Abundan las dobles papadas en sus filas.
Pese
a sus defectos, la Cuarta República era una democracia. Quizás chucuta, pero
democracia al fin. Ejercía la violencia, aunque era mucho más morigerada que la
violencia actual. Tampoco mostraba el total desprecio por la ley de que se vanaglorian
los chavistas.
Intentar
eludir el malsano atractivo de la política que se practica en Venezuela es a
veces difícil. Me siento, insisto, como el Nick Carraway de The Great Gatsby.
Venezuela
es un país muy aburrido.

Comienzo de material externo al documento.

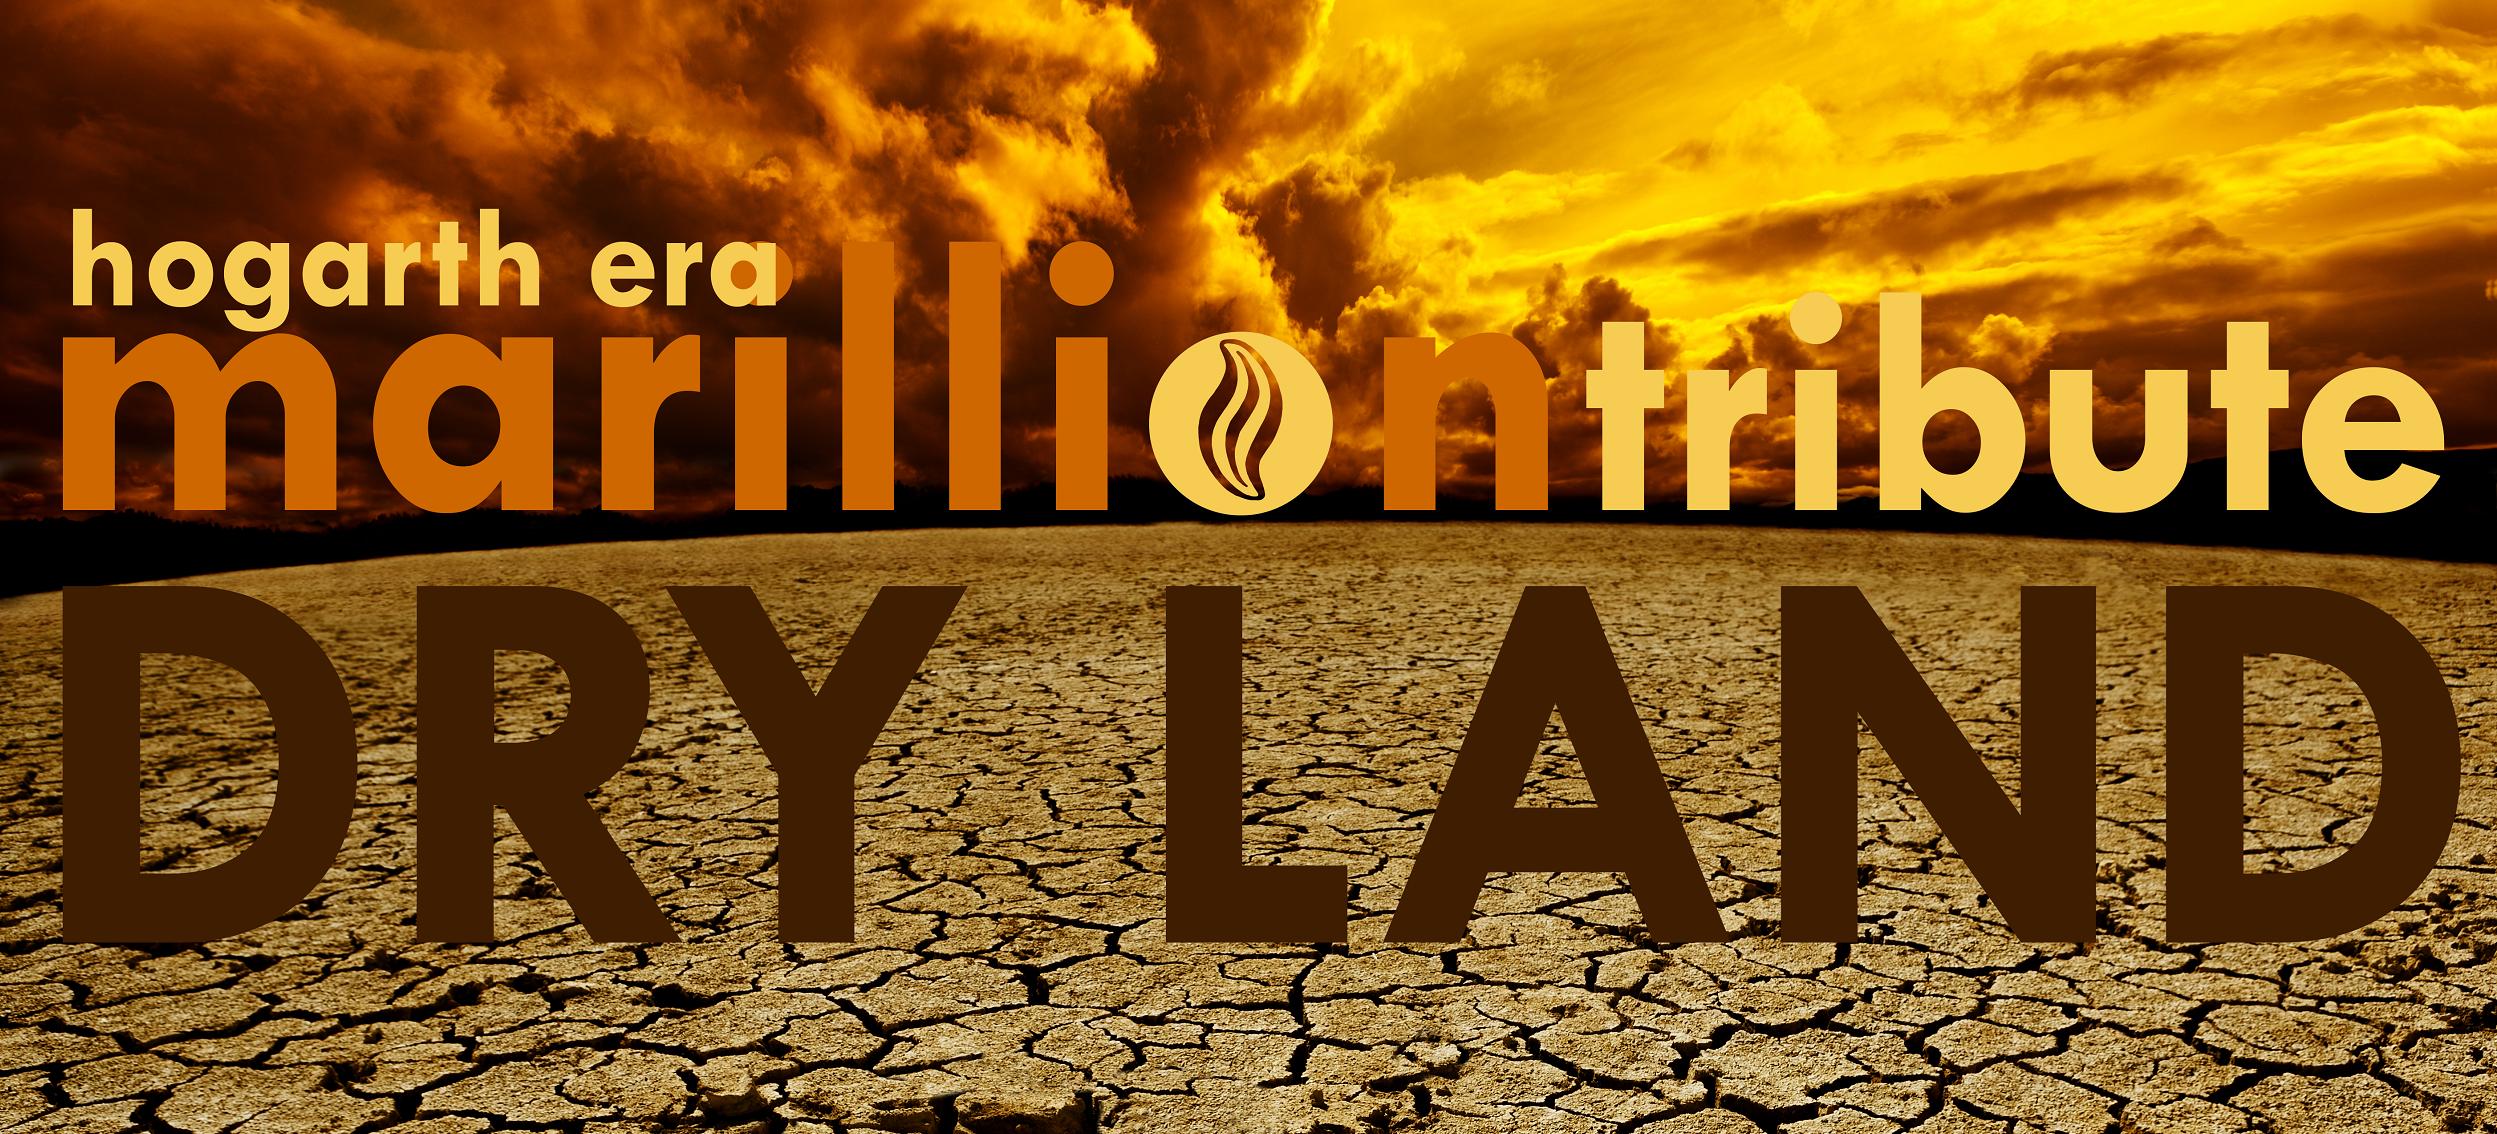 Dryland Marillion Tribute
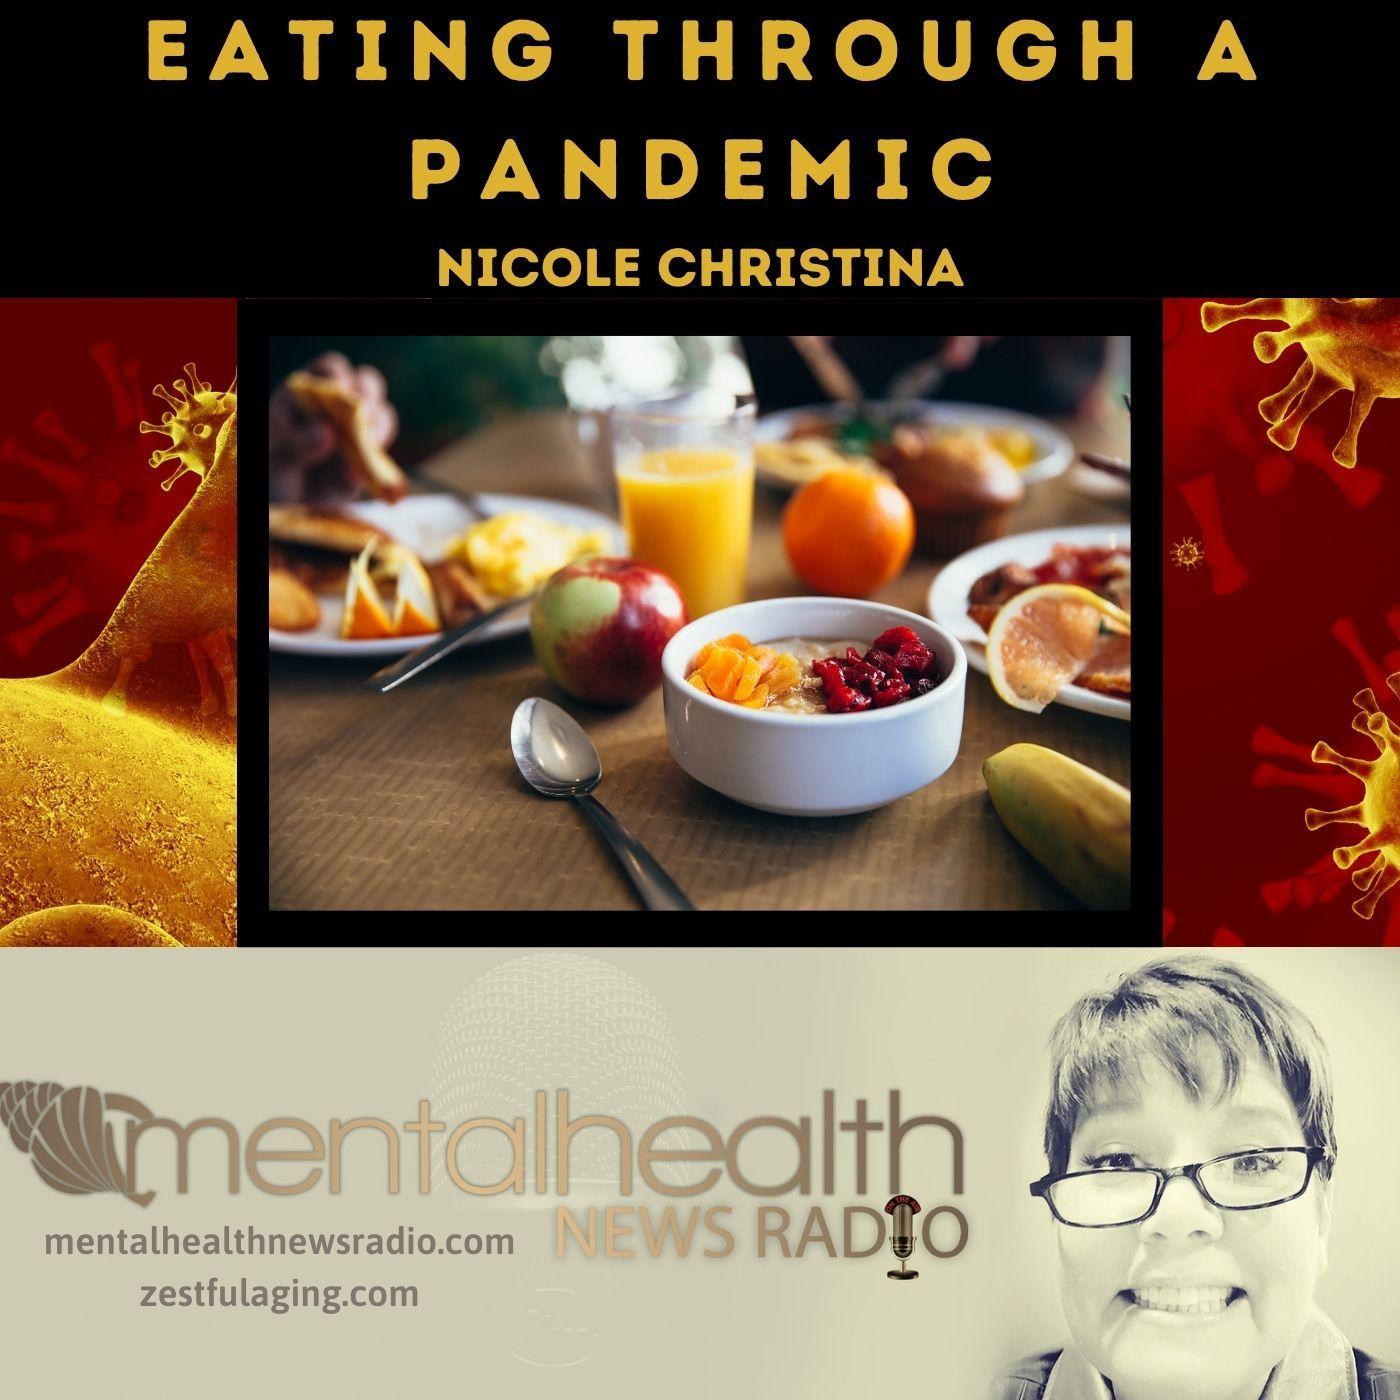 Mental Health News Radio - Eating Through a Pandemic with Nicole Christina

Pero cada vez que uno intenta eludir su temática,
siempre surge alguien trabando el camino hacia la salida. Es cierto, nada
interesante se oye en el diálogo. Es verdad, todo resulta trivial. Y sin
embargo, pese a eso, uno derrocha horas enteras oyendo propuestas, algunas
alucinantes, intentando descifrar el subtexto. En esa irrealidad sobrevuela un
aire de locura.
Pero
es muy difícil huir del monomaníaco, improductivo diálogo venezolano. Aunque
representa una enorme pérdida de tiempo. Y puede afectar la salud mental.